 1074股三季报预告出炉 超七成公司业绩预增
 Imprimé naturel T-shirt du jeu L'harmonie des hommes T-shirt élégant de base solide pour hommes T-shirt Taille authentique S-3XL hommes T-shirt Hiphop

* * *

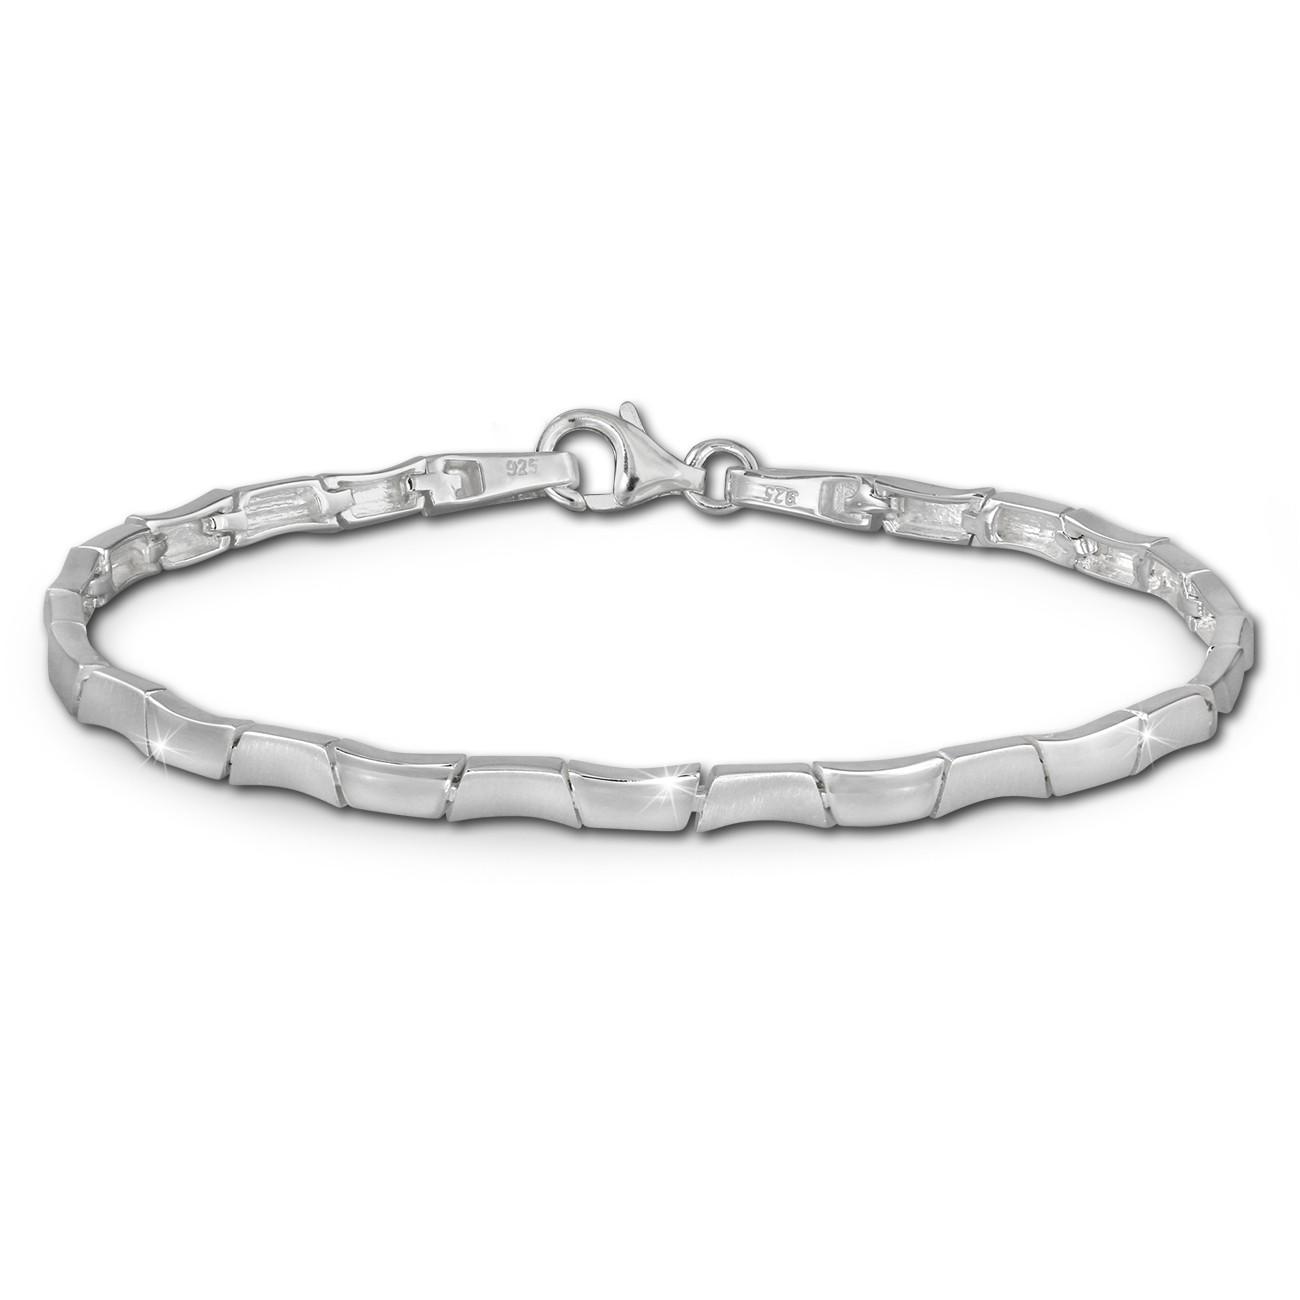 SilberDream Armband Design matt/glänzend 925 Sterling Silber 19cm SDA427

* * *

* [TASK] Copy out precisely the lines from the line with "1074股三季报预告出炉 超七成公司业绩预增" to the line with "Imprimé naturel T-shirt" in the material above, including those two lines and omitting all the rest.

* [SOLUTION]
 1074股三季报预告出炉 超七成公司业绩预增
 Imprimé naturel T-shirt du jeu L'harmonie des hommes T-shirt élégant de base solide pour hommes T-shirt Taille authentique S-3XL hommes T-shirt Hiphop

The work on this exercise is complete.